My goodness, the requests for LinkedIn recommendations are coming in a fairly good clip and I suspect they will just keep coming in the next quarter.  From my perspective, those impacted by the economy are good solid folk with skills and long term employment histories and for many this is their first layoff and it can’t be fun.  This also can’t be a good sign for the economy and it is interesting how LinkedIn has become a bellwether for the economy.   Clearly times are tough and marketing yourself and differentiating has to be a challenge in this job market.    I was watching CBS early and they had a “job search expert” on, Susan Morem, who authored a couple of books on the topic and she had at least 1 good idea.   So here is the Top 5 Tips she offered in total:

“The average job search is 3 months, but could go up to 6 or 9 months”
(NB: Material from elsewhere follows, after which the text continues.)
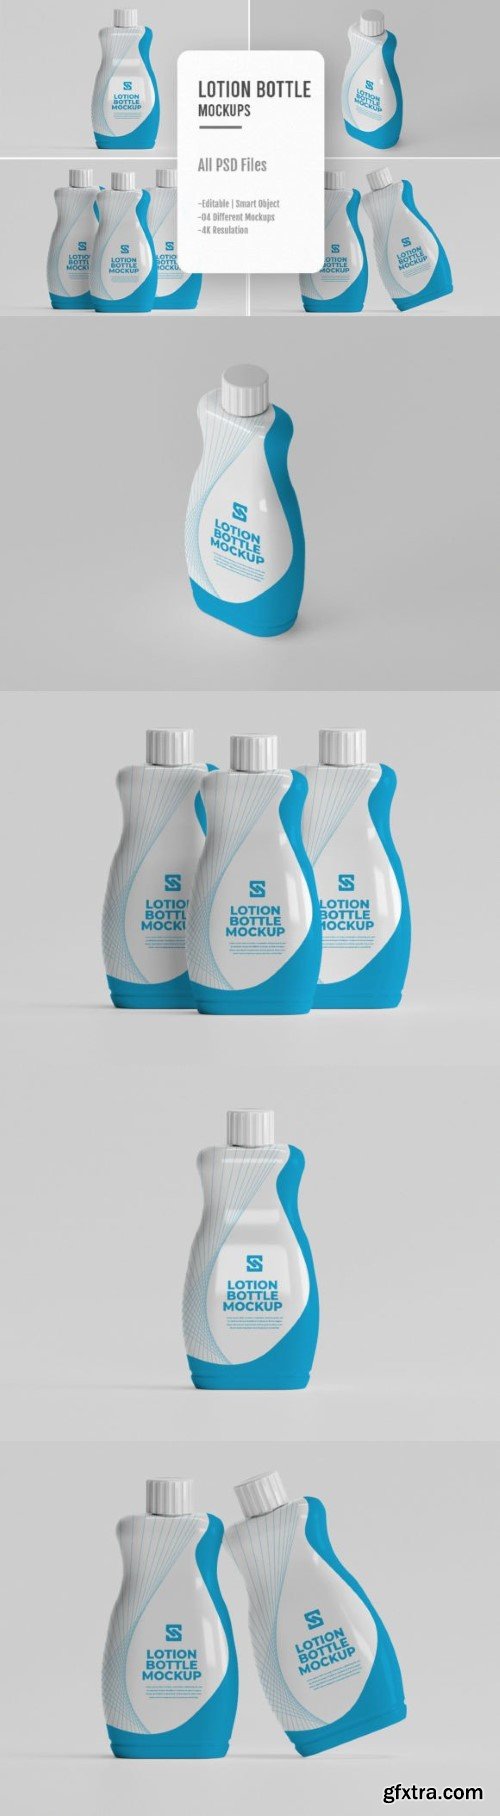 04 PSD Lotion Bottle Branding Mockups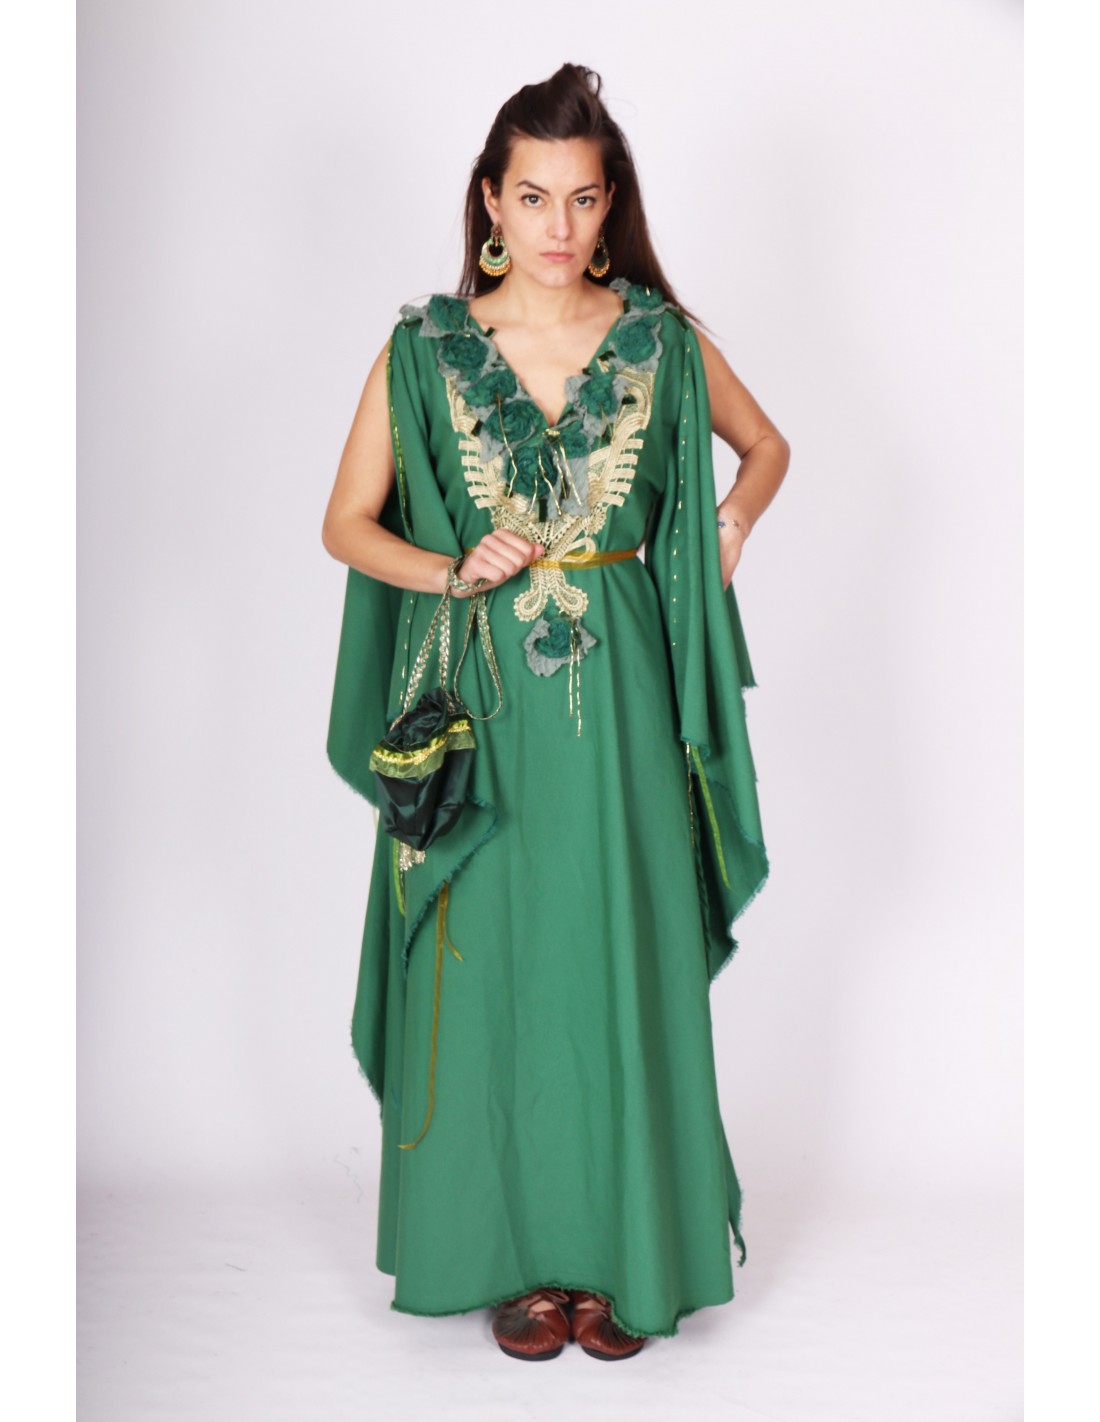 Vestido medieval verde y dorado con flores

  • Create a Plan – “Know what you are going for – but also know what you will settle for, not a time to be picky”
  • Treat Finding a Job like a Job – “Always be on”
  • Practice Interviewing
  • Market Yourself – “Think about yourself as a product”
  • Get a makeover – “You want to look your best… taking time with your appears can make all the difference”

I definitely think the product concept is the right way to look at it, however I can see the allure of a makeover.  Just like a product, a job search is marketing with the same marketing mix which needs to be balanced.  Think about it – you have a target market and a product.  How you position, price and promote your capabilities are critical to landing a new gig.  Take a recent piece I saw in one of those lifestyle news pieces on TV that reinforced the promotion reality of marketing your capabilities –   an experienced MIT graduate was resorting to standing outside with a sandwich board till he get a job.

There a lot of good folks with talent, experience and education competing for jobs so ya gotta do something.  Resumes, experience and skills are abundant and alone won’t do the job in a competitive marketplace.  The marketplace is getting more competitive everyday!

I was talking to Sheryl who does a little writing here, she’s does mainly contract marketing work, but on the side she does some resume writing for friends and she has been a little busy lately on that front.  At this point in time, Sheryl’s resume queue overfloweth.   If Sheryl’s queue is any indicator, I suspect that demand is up across the board.    While Sheryl’s focus is writing resumes for executives, she claims that it is becoming increasingly evident that resumes no longer carry the weight they once did.  That’s assuming they ever did and most jobs aren’t placed due to relationships, but when most of your network is on the street and part of your competition that kinda sucks which is the reality for several folks I know.  Ultimately you have to standout somehow and the standard resume just isn’t going to do it, neither will a makeover.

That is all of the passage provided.